Sabahtan akşama kadar düdük Nadir'in dudağından düşmüyordu. Kâh polis oluyor, arabaları için düdük çalıyor; kâh maçın hakemi oluyordu. Bazen de annesine ve kız kardeşine düdük çalıyordu.
- Düüüt! Öğle yemeği vakti!
- Düüüt! Ödev vakti! Ablacığım bana ödevimi söyle.
- Düüüt! Çocuk programı vakti!
Nadir o gün mutluluktan, iyice yemek yiyip açlığını gideremiyordu. Ödevi tekrarı da henüz yirmiye ulaşmamıştı. Çocuk programından da bir şey anlamadı. O küçük ve altın renkli düdüğü her şeyin yerini tutmuştu.
Geceleyin Nadir'in babası geldiğinde Nadir bir daha düdük çaldı ve şöyle dedi:
- Babam geldi, babam geldi!
Akşam vakti de Nadir sürekli düdük çalıyordu. Nadir'in babası yorgundu ve dedi ki:
- Yavrucuğum! Başıma ağrı girdi. Düdük çalmayı yarın sabaha bırak!
Nadir'in annesi de şöyle dedi:
- Benim de senin düdük çalmandan kulağıma ağrı girdi.
Nadir'in ablası da şöyle dedi:
- Eğer bir daha düdük çalarsan onu alırım.
Nadir çok rahatsız oldu. Hiç kimsenin kendisini sevmediğini düşündü. Düdüğünü attı ve uyumaya gitti. Annesi de onun arkasından gitti ve düdüğünü ona götürdü. Onu sıvazladı, okşadı ve şöyle dedi:
- Oğlum! Sen rahatsız olmamalısın.
Nadir şöyle dedi:
- Ben sizinle bundan sonra konuşmuyorum artık.
Annesi:
- Niçin?
Nadir:
- Beni sevmediğiniz için, sizin kendi düdüğünüz olmadığı için gönlünüz benim düdük çalmamı istemiyor.
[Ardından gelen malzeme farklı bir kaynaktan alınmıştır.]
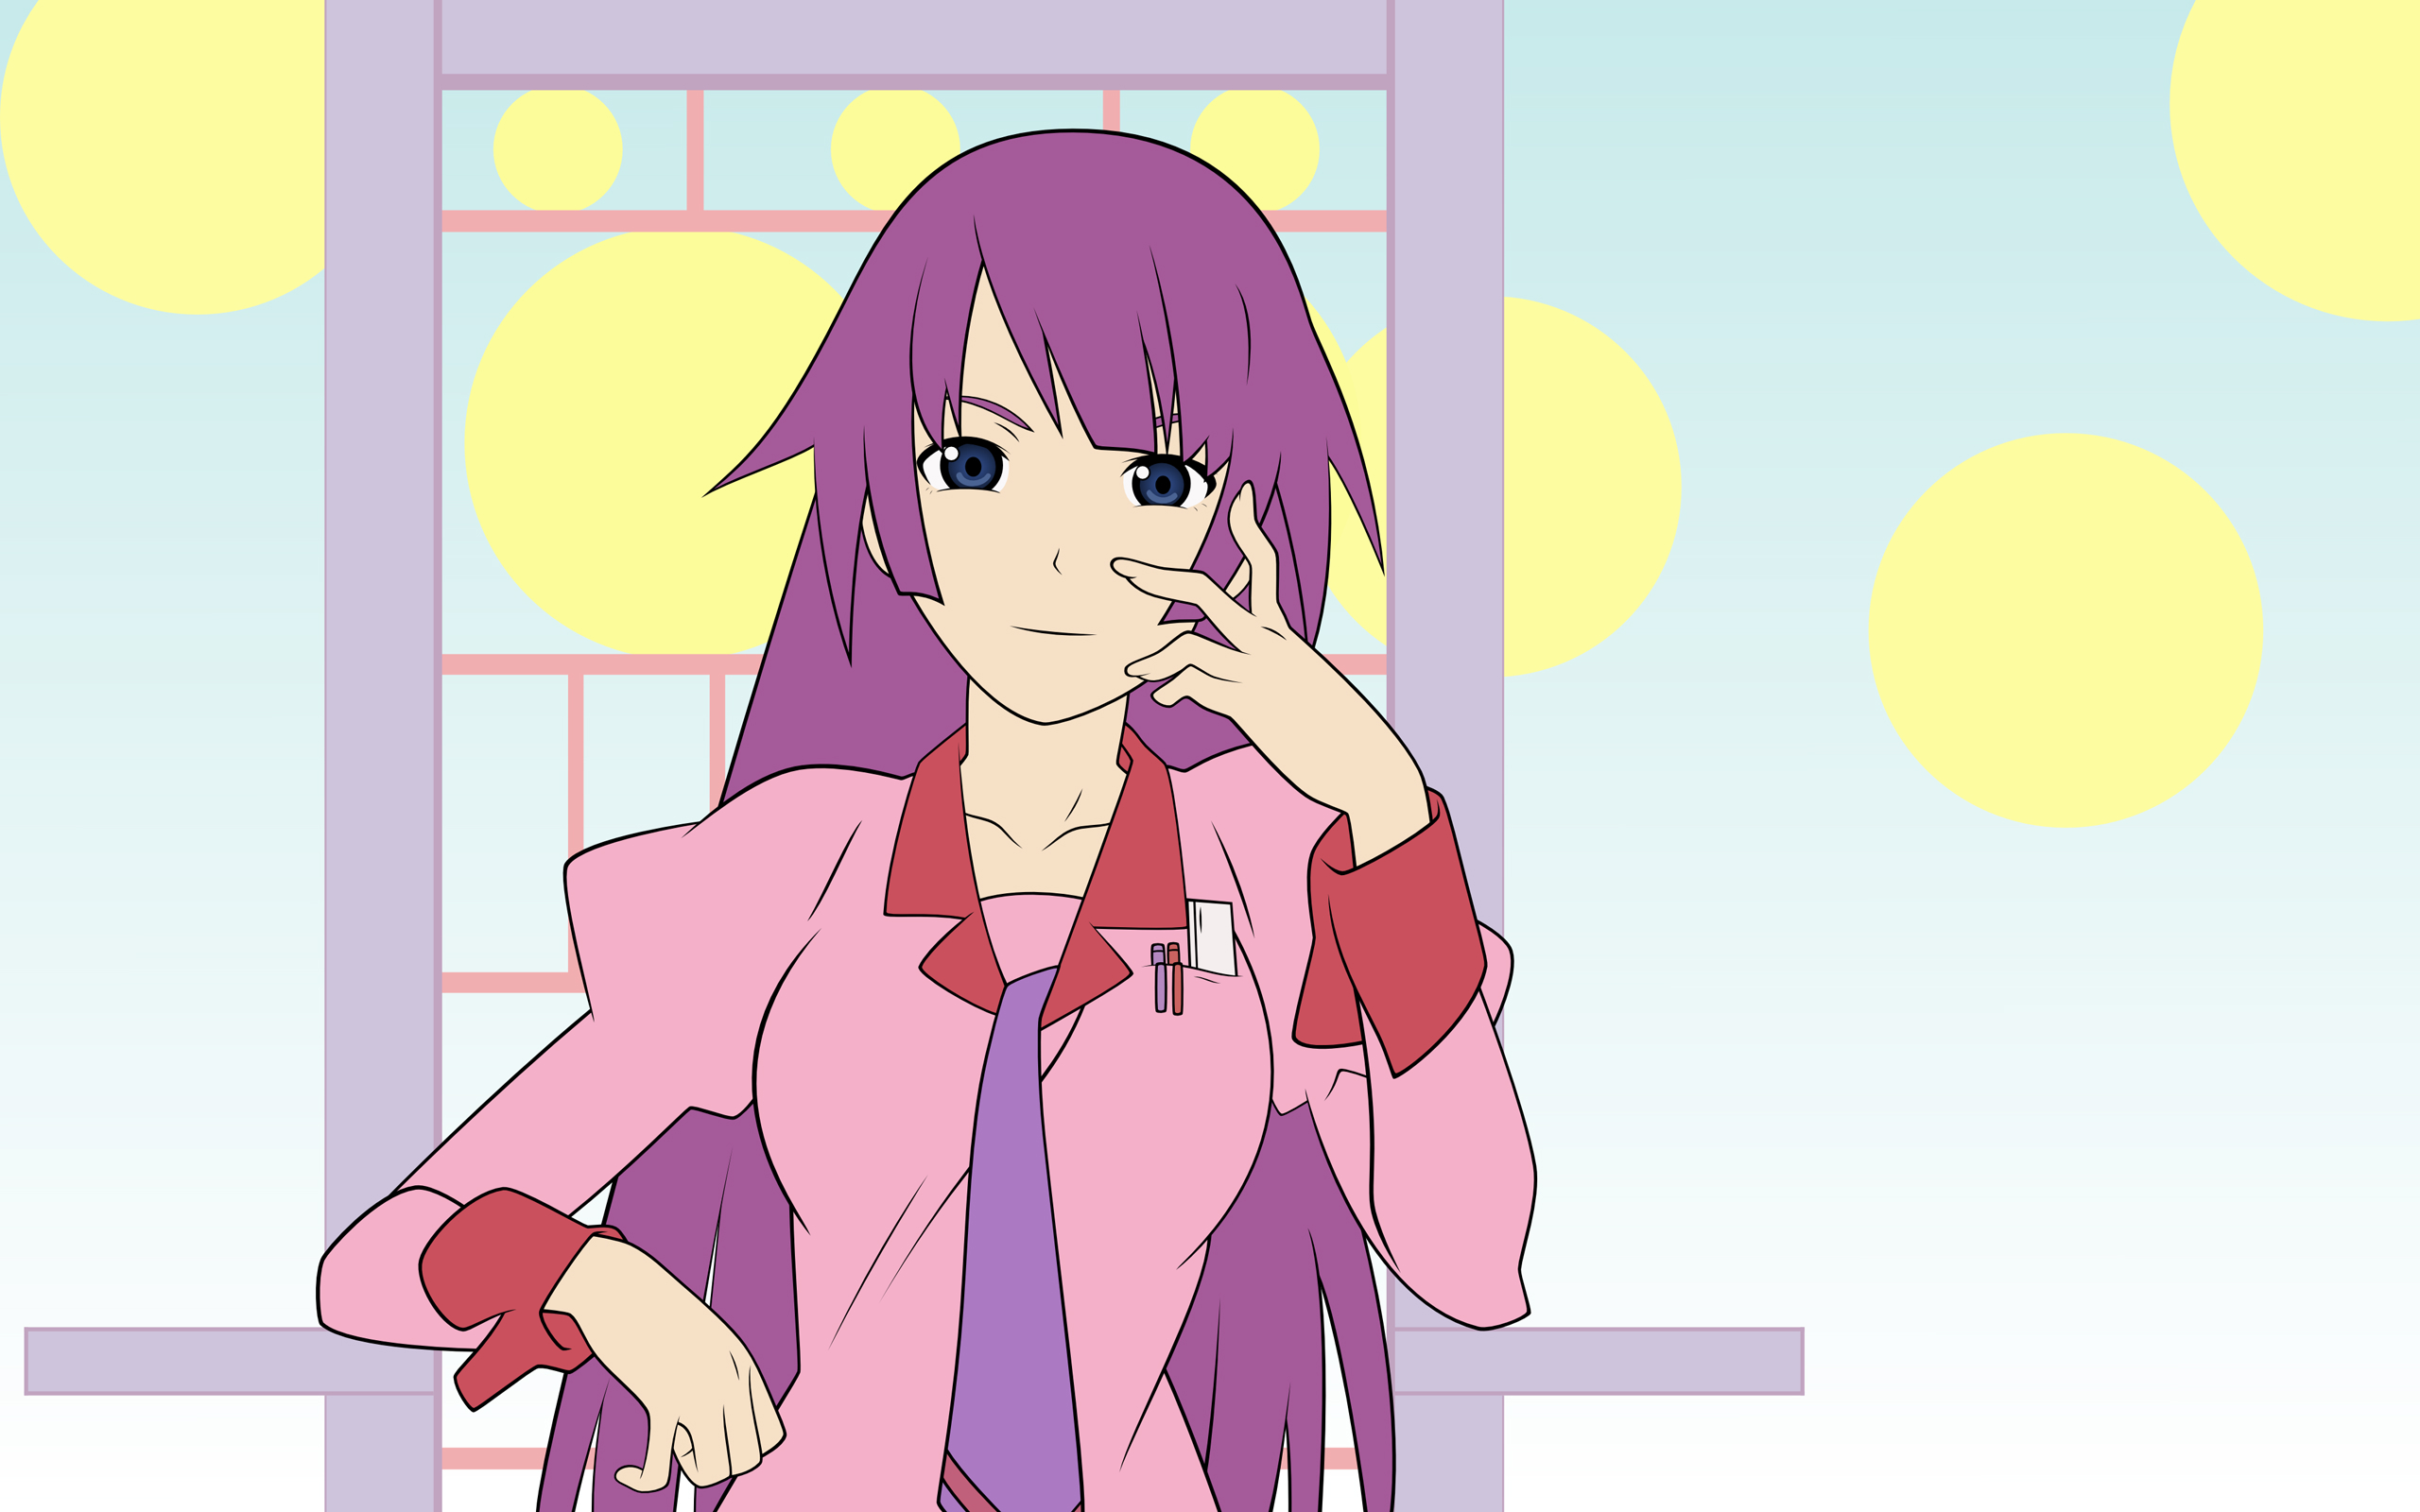 Hitagi Senjōgahara, a purple-haired character from the Anime series Monogatari

Annesi gülümseyerek şöyle dedi:
- Sen yanılıyorsun. Biz seni çok seviyoruz. Eğer sevmemiş olsaydık bu düdüğü sana almazdık. Biz sadece bu düdüğün acı ve keskin sesinden yorulduk. Yarın tekrar düdük çalabilir ve oynayabilirsin.
Annesi, Nadir'i öptü ve altın düdüğü ona verdi. Nadir de onu öptü ve şöyle dedi:
- Eğer izin verirsen düdüğü yastığımın altına koyayım. Gönlüm yarın hepinizi düdük sesiyle uyandırmak istiyor.
Annesi izin verdi ve şöyle dedi:
- Korkarım bu gece düdük rüyası görürsün.
Nadir güldü ve şöyle dedi:
- Gönlüm borazan rüyası görmek istiyor. Borazan, düdükten daha iyidir.
Sonra düdüğü yeşil yastığının altına koydu ve uyudu.
Gece yarısına doğru, bir hırsız onların evinin avlusunun duvarından yukarı çıktı. Ayaklarını yavaş yavaş basarak apartmana girdi. Herkes uykudaydı, hatta Nadir bile... Rüyasında spor karşılaşması zilinin çaldığını görüyordu. Öğretmen, ona hakem olmasını söylemişti. Çocuklar oyun oynuyorlar, onun da düdük çalması gerekiyordu. Nadir, düdüğü yastığın altından aldı ve dudaklarının arasına koydu. Ansızın oyunda çocuklardan birisi faul yaptı, Nadir de uzun bir düdük çaldı. Çocuklar, onun düdüğünün sesine uymadılar. Nadir ikinci kez, üçüncü kez düdük çaldı. Nadir'in düdüklerinin sesinden hırsız şaşırdı ve çok korktu. Bu sesin polis düdüğünün sesi olduğunu zannetti. Kaçıp kurtulmak için kapıya doğru koştu. Fakat başını duvara vurdu ve yere düştü. Bu seslerden hepsi uyandılar ve lambaları yaktılar.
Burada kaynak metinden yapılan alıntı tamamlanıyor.